# Fish Doc



## fishfreaks (Jan 19, 2005)

Has anyone seen him around lately or spoken to him?


----------



## fishboy (Feb 26, 2005)

he seems to go missing alot


----------



## Guest (Feb 27, 2006)

i was wondering the same thing a couple days ago. He hasnt been around here in a good long while.


----------



## Shaggy (Apr 29, 2005)

Lat one line 02-04-2006

I was wondering this myself. Fish doc, if you see this let us know your still around


----------



## Georgia Peach (Sep 23, 2005)

I thought I seen a post from him a few days ago.. maybe Im wrong..


----------



## Lydia (Feb 6, 2005)

Aww!! Poor guy....I've been wondering where he was, too.


----------



## fishfreaks (Jan 19, 2005)

fishdoc we hope that you can make it back soon and that everything has been better for you. Miss you around here


----------



## fish_doc (Jan 31, 2005)

Wow, My own thread. Shucks,

I do stop in ocassionally and read up but dont have time to log in and post.

One more month and things should start getting back to normal. Several projects at work have a March 31st deadline. One of them being moving a facility from Ohio to here in Illinois. It took management 6 months to make the decision to move them but then they wanted it completely moved in 3 months. In addition to that It is also the end of our fiscal year at work so machines need to stay running to get the product out the door to make the $$$. There is also 2 new products that we are setting up for production to start building. One was announced for sale yesterday and we have to have production shipping withing 2 weeks. And the second will probably be announced next week with a 2 week ship date after that. I dont think management realizes that there are only 5 manufacturing engineers to try and keep this all going.

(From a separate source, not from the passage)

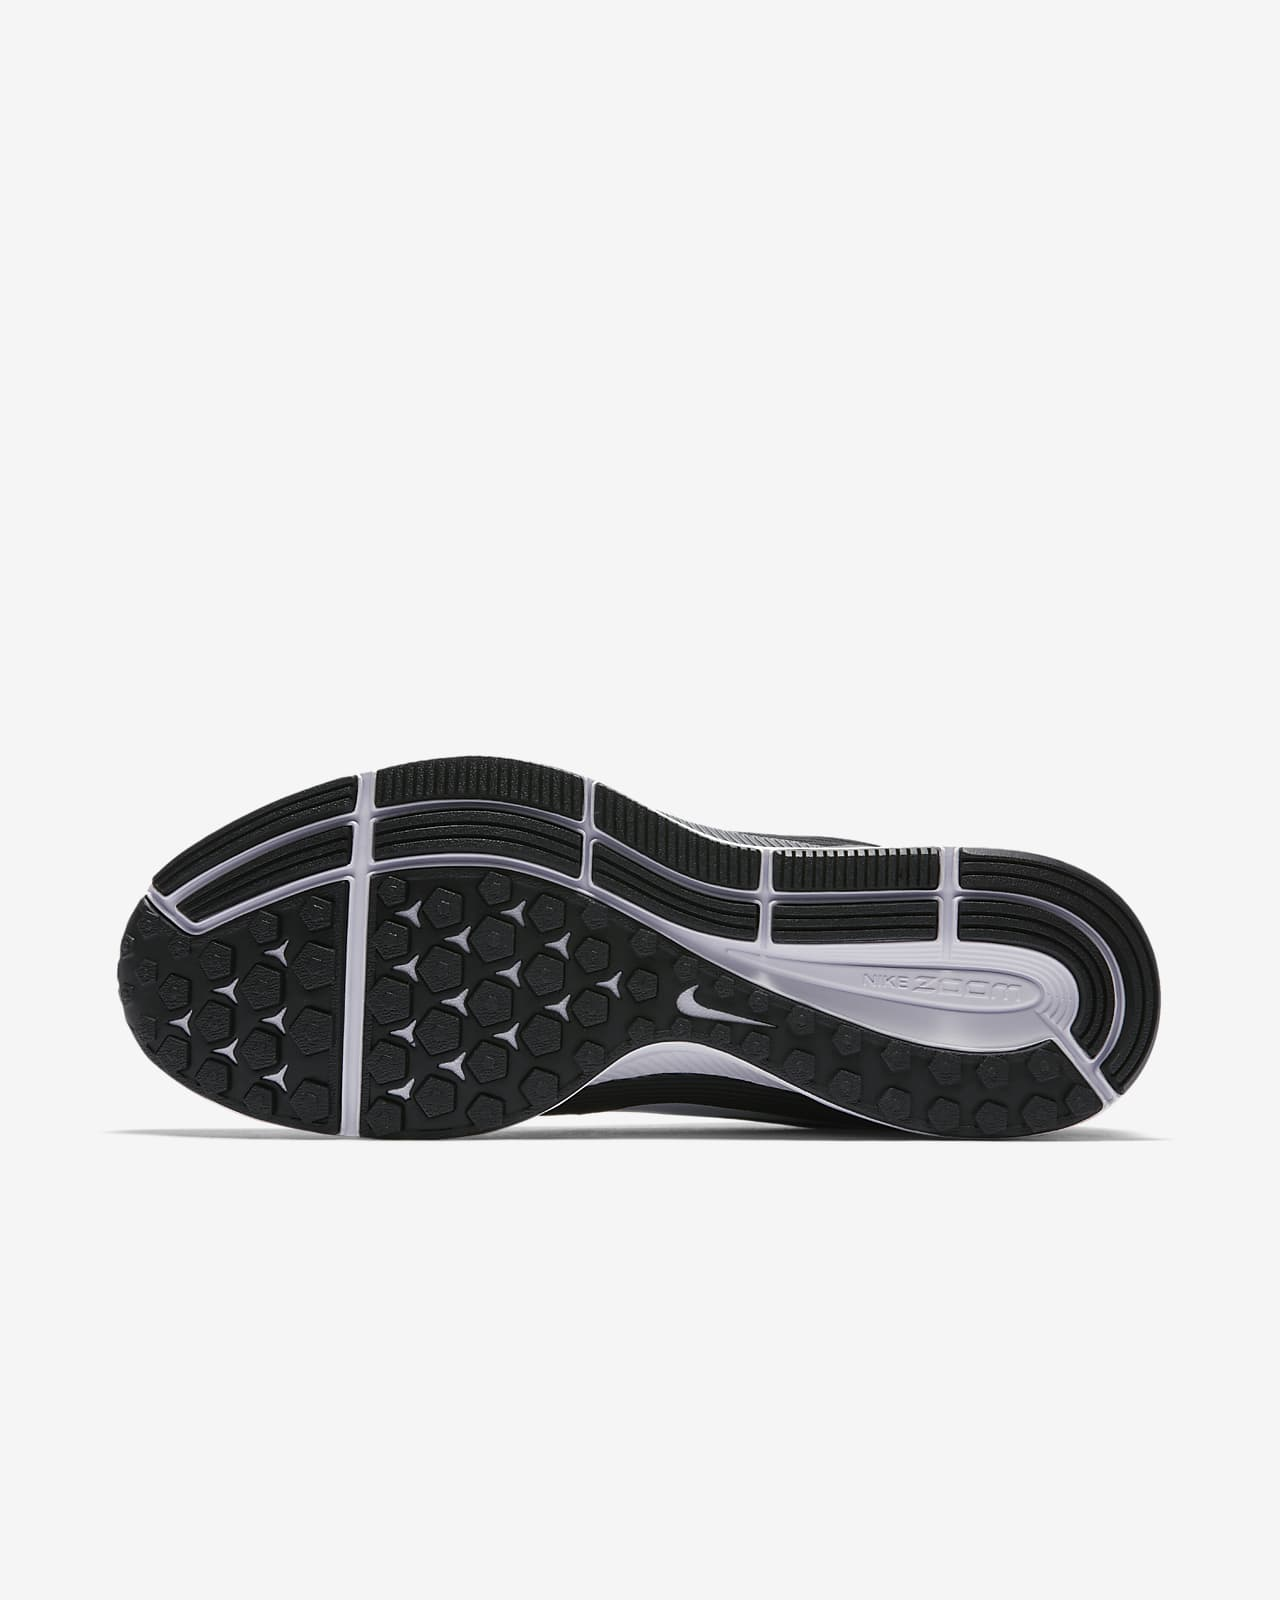 Calzado de running para hombre Nike Air Zoom Pegasus 34
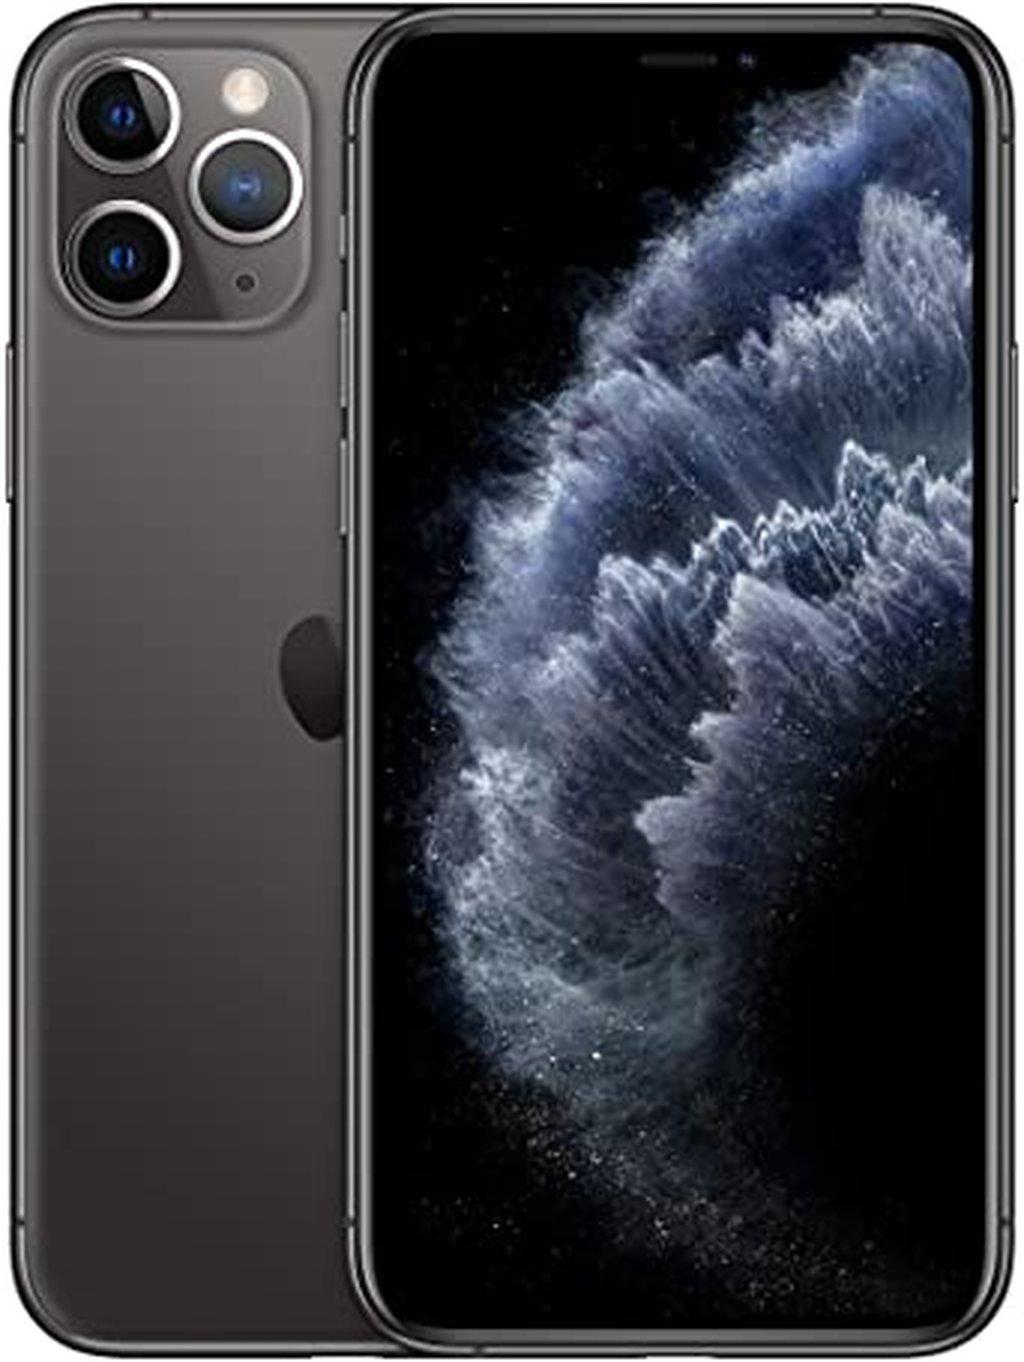 Apple iphone pro 11 brand new unlocked sim free original

As my typical glutten for punishment attitude. I started up with classes to try and get my Bachlors Degree. I guess this is because I had so much extra time on my hands. (That was sarcasim) And as Baby_Baby showed you there were alot of other things going on too. I still haven't heard about the new job but at the same time they haven't filled the position either. So I think they are still looking elsewhere to fill it.

Dont worry I haven't forget you all and I do see you picked up a few new mods, regulars, and visitors. To all of you newbies, welcome, and Hopefully we can get to know each other better soon.

Dave


----------



## Damon (Jan 18, 2005)

Moving from Ohio to Illinois? Why would a company make such a magnanimus blunder?????


----------



## ron v (Feb 24, 2005)

Simpte said:


> Moving from Ohio to Illinois? Why would a company make such a magnanimus blunder?????


Yeah, Simpte. I'm sure you are wondering why they wouldn't just move to Alabama!


----------



## fishfreaks (Jan 19, 2005)

Welcome back fishdoc, nice to see you


----------